DeepSeek can be a compelling option to lower costs in certain scenarios. OpenAI and Anthropic will remain references for many enterprise workloads. Open models will gain traction in private environments. intermediaries are useful when they offer transparency and control. The problem isn’t the diversity of providers but using it without proper governance.
This news delivers a clear conclusion for the tech sector: affordable AI has arrived in the enterprise but not alone. It raises questions about data, jurisdiction, security, traceability, and trust. The next competitive advantage will not just be selecting the most powerful or cheapest model but knowing when and how to use each without losing control.
Frequently asked questions
Why is DeepSeek now on the U.S. business radar?

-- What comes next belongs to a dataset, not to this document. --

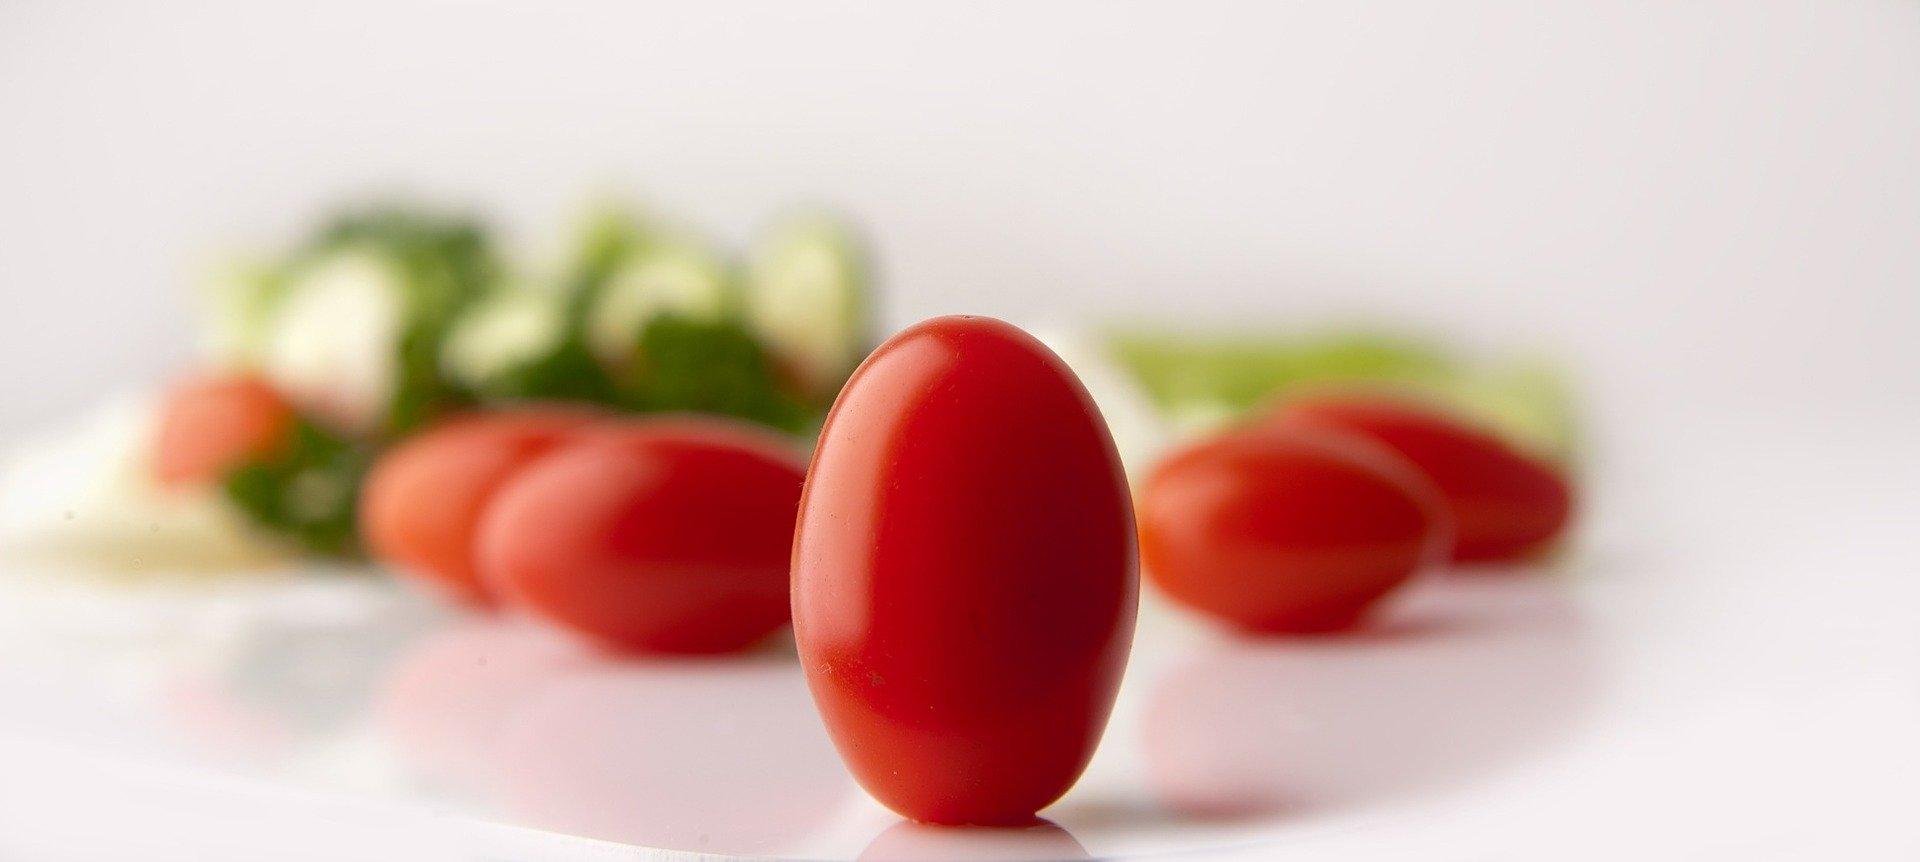 pomodori su un tavolo bianco di cui uno in primo piano

Because it led Ramp’s trending software vendors list in June based on new corporate payments. This suggests some companies are testing cheaper alternatives to OpenAI and Anthropic.
Does DeepSeek already surpass OpenAI or Anthropic?
Not according to available data. In April 2026, OpenAI and Anthropic still dominated Ramp’s AI adoption index. DeepSeek is trending but not leading in market share.
What are AI relays?
Services that aggregate access to various AI models via a single platform. They can simplify integration but also introduce risks if lacking transparency or security.
What should companies watch out for when using cheaper models?
Check where data is processed, whether prompts are stored, if data is used for training, which jurisdiction applies, which provider responds, and if proper auditing is in place.